The Secret To Good Couple Communication

The secret to good communication as a couple

We often hear that to have a good relationship  good communication is the most important thing. And it’s true, but in the end everyone will give this phrase their own interpretation. Some will think they have enough talk to their partners and others will think about what they have to talk about.

Communication goes beyond talking or not talking, or talking. It has more to do with what you say and how you say it.

What are the most common mistakes in couple communication?

Most of the mistakes we usually make in couple communication have to do with not knowing how to express oneself correctly or due to lack of respect for oneself or for the other person:

– We impose our criteria believing that our point of view is better than that of our partners.

– We frequently express defects and complaints from the partner, sometimes in an exaggerated way.

– We want the other person to be as we want.

– We are not interested in our partner’s views or beliefs.

– We don’t let our partner express himself.

– We assume what he is going to say and we constantly interrupt him.

– We manipulate to get what we want.

– We are right even if we do not agree.

The result of this pattern of behavior can weaken the relationship to the point of termination in many cases.

How could I communicate correctly with my partner?

Regardless of whether we are aggressive, passive or manipulative in our communication, there is a middle ground called assertiveness  within everyone’s reach.

Assertiveness is just a form of expression in which respect for oneself and others is sought. 

Expressing the thoughts, feelings and way of seeing the world through words or gestures, in a calm and appropriate way, while wanting to know the feelings and thoughts of the other in order to understand them better.

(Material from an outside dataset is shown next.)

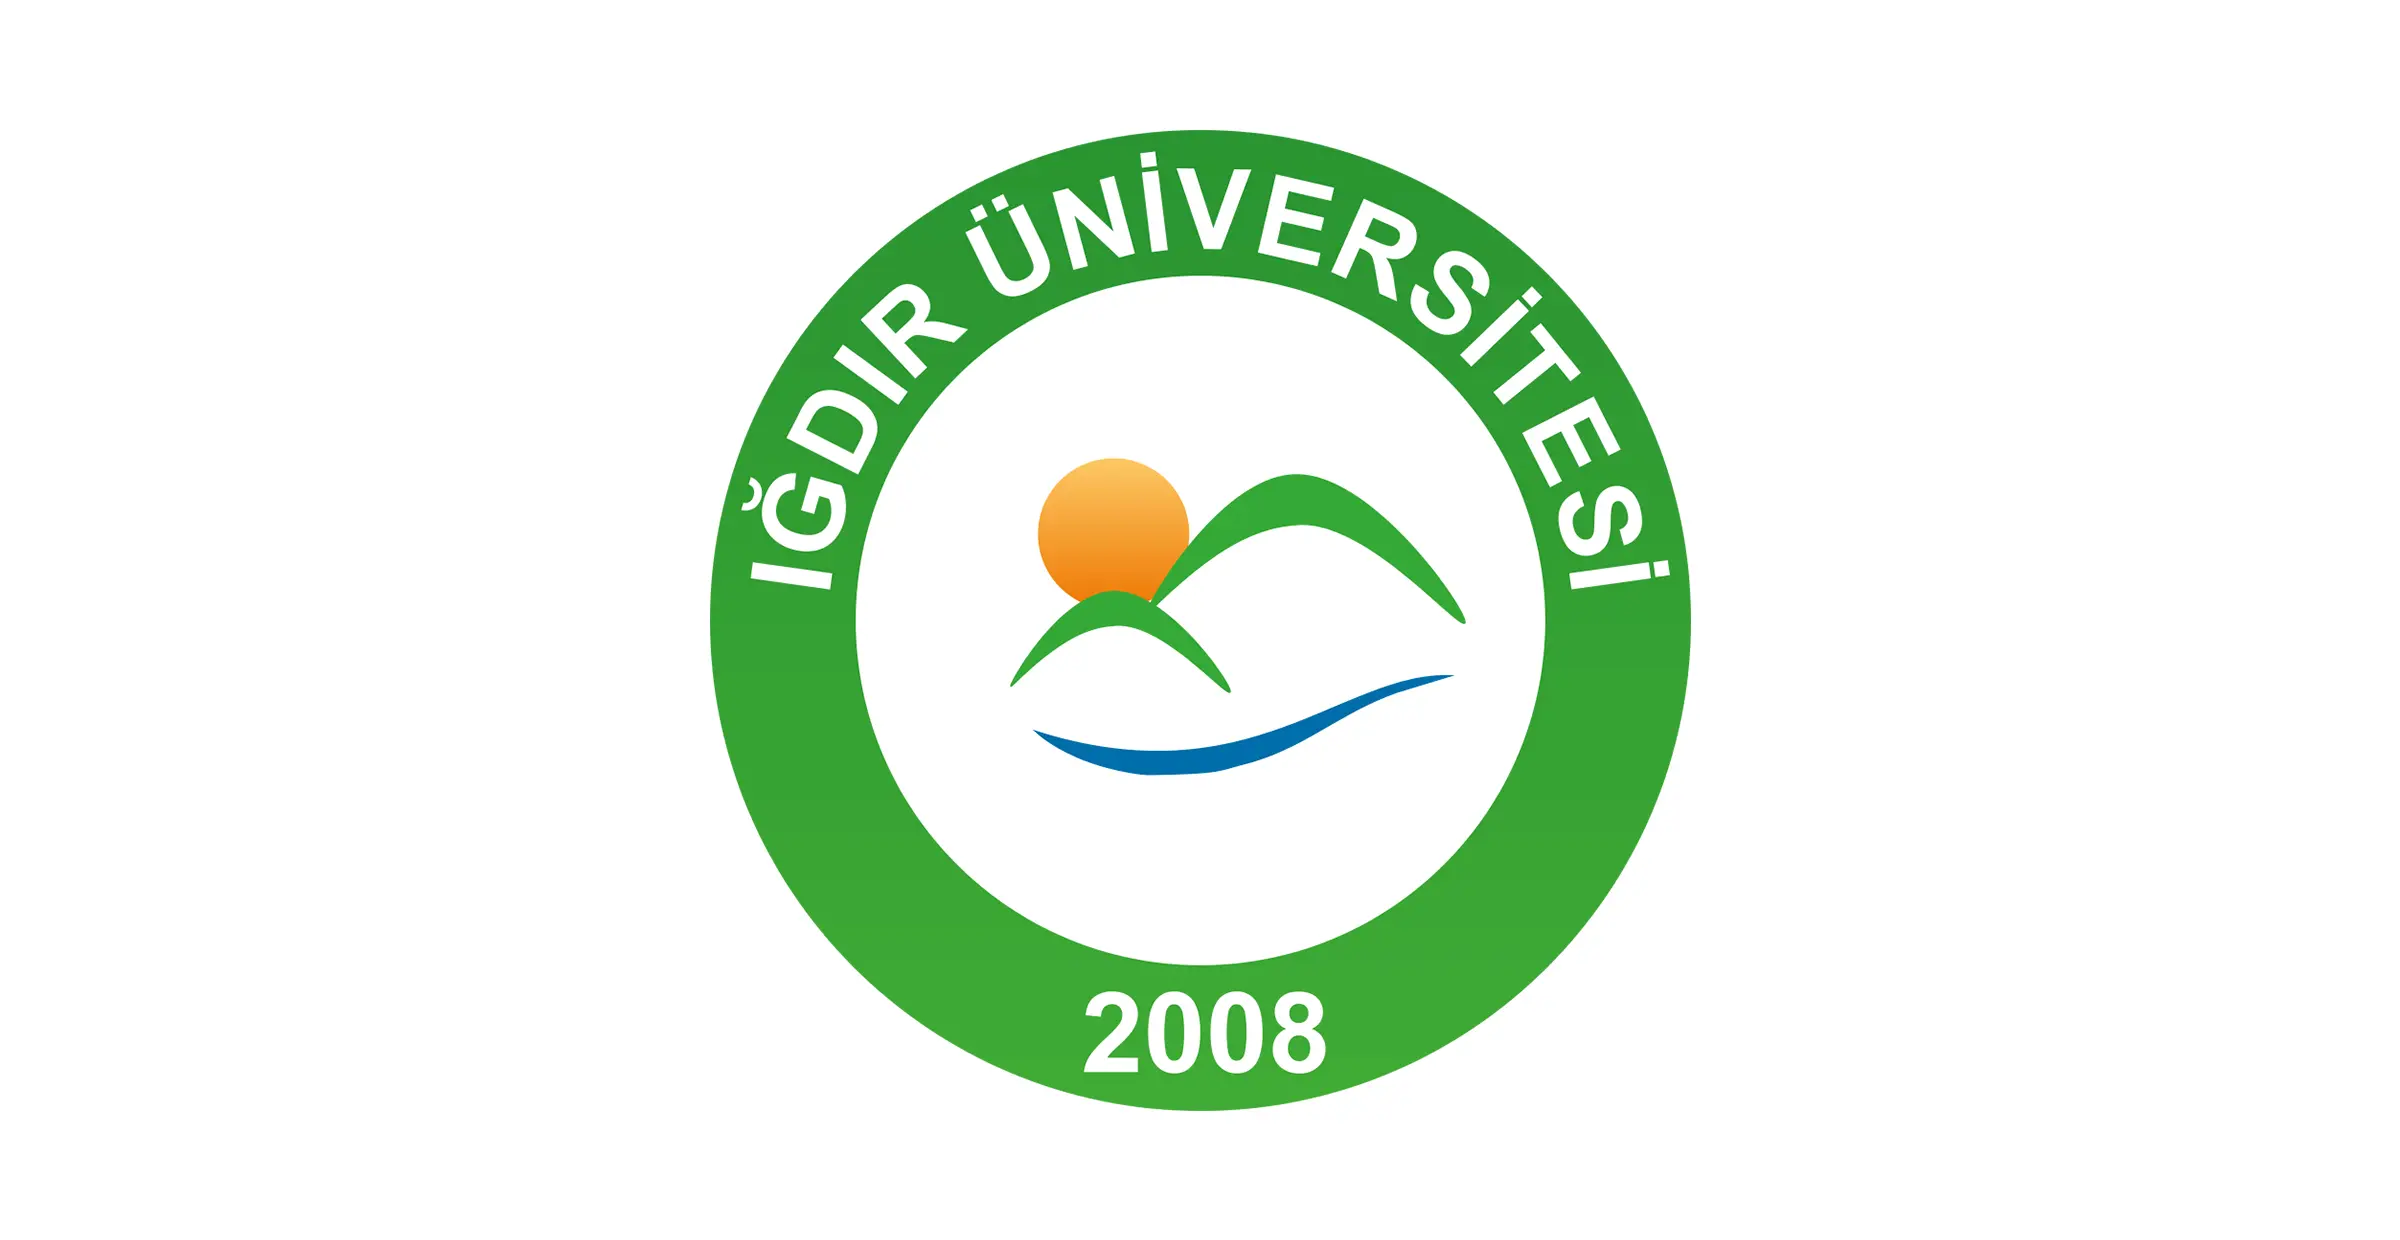 تأسست جامعة اغدير Iğdır Üniversitesi عام 2008. مع 3 كليات و2 معاهد مهنية و 3 معاهد علمية عالية. ويوجد اليوم 9 كليات و 2 كليات تطبيقية

How could you be more assertive?

I. Express your appreciation for his qualities

More likely, you appreciate certain qualities or actions in your partner. Something about his looks, his temper, something he says or does, whatever. Expressing it verbally or otherwise is good for both of you as you both will be able to feel better.

Our environment would improve significantly if instead of complaints or criticism there were more expressions of appreciation.

For example, it’s not the same thing to say,  “I would like to tell you that, although it doesn’t seem like it, I pay close attention to the effort you make to help and support me. It makes me feel good. Thanks for everything.”, d what to say:  “If you want to help, do it right!”

II. Accept the displays of affection and urbanity

It is also possible for your partner to express his appreciation for you. Don’t doubt your sincerity, the fact that you don’t believe it doesn’t mean the other person doesn’t. Accept these demonstrations of course, a simple “thank you” is enough.

For example you can tell him: How beautiful you are . And you end up answering : Yes, with that hair…
Remember not to doubt your sincerity, just say “thank you”.

III. Be able to say “No”

Keep in mind that the responsibility for saying “No” is yours alone and saying “Yes” when you want to say “No” is not sincere and hurts your feelings.

You are within your rights to refuse requests without feeling guilty or selfish. Remember that you don’t reject the person, just the request, although there may be a lack of understanding on the part of your partner.

For example: it’s not the same thing to say, ” I understand you want us to go to this meeting, but right now I don’t.”  Than going unwillingly to a place where the two of them will probably have a bad time in the end.

IV. order what you want

A very common mistake is to expect your partner to do something without telling him or her at any time. We all have the right to express what we want, but if we don’t, we will have to understand that others cannot guess it, no matter how well they know each other. If you really want something, express it appropriately.

For example, it is not the same thing to say:  “ I would like us to go for a walk in the afternoon, what do you think?”  Than being internally frustrated because your partner never has the idea of ​​going for a walk.

V. Explain what you think or how you feel

State clearly what you think or how you feel. Be positive or negative, but always with respect for the other. There is no better way for your partner to understand you than by showing your emotions. “This is what I think…”, “I’m upset with you because…”, “It scares me…”.
Accumulating emotions can make us explode at some point.

For example, it’s not the same thing to say:  ” Every time you’re late I worry, I’d like you to take into account that if this happens again, remember to let me know.” Than blaming the other, hiding our emotions and saying,  “You’re always late! Every time you go out it’s the same story!”

SAW. beware of accusations

It’s very easy to get carried away with anger and blame our partner when we feel bad. So, to avoid confrontations that lead to nothing, it’s best to:

Asking Questions Instead of Accusing
How could it be, ” Are you listening to me?” , instead of directly accusing and saying, ” Again, you’re not listening to me!”

Commenting on what your partner does without qualifying him
For example: ” I’ve noticed that lately you forget about the clothes thrown on the bed after you change.” Instead of:  “You’re a disaster, every time you change your clothes you leave the room in a mess.”

Avoid generalizations as always or never 
For example it’s better to say: “ Lately you’re not taking out the garbage .” What to say: ” You never take out the trash.”

VII. Use assertive terms in our conversation

I think, feel, let’s do, want, what you think, what it looks like, how can we solve this, I’d like…

Maintaining assertive communication with your partner does not guarantee the absence of arguments and problems, but it does facilitate a mutual understanding and respect that will slowly take shape. You will always have this option at hand, just choose it.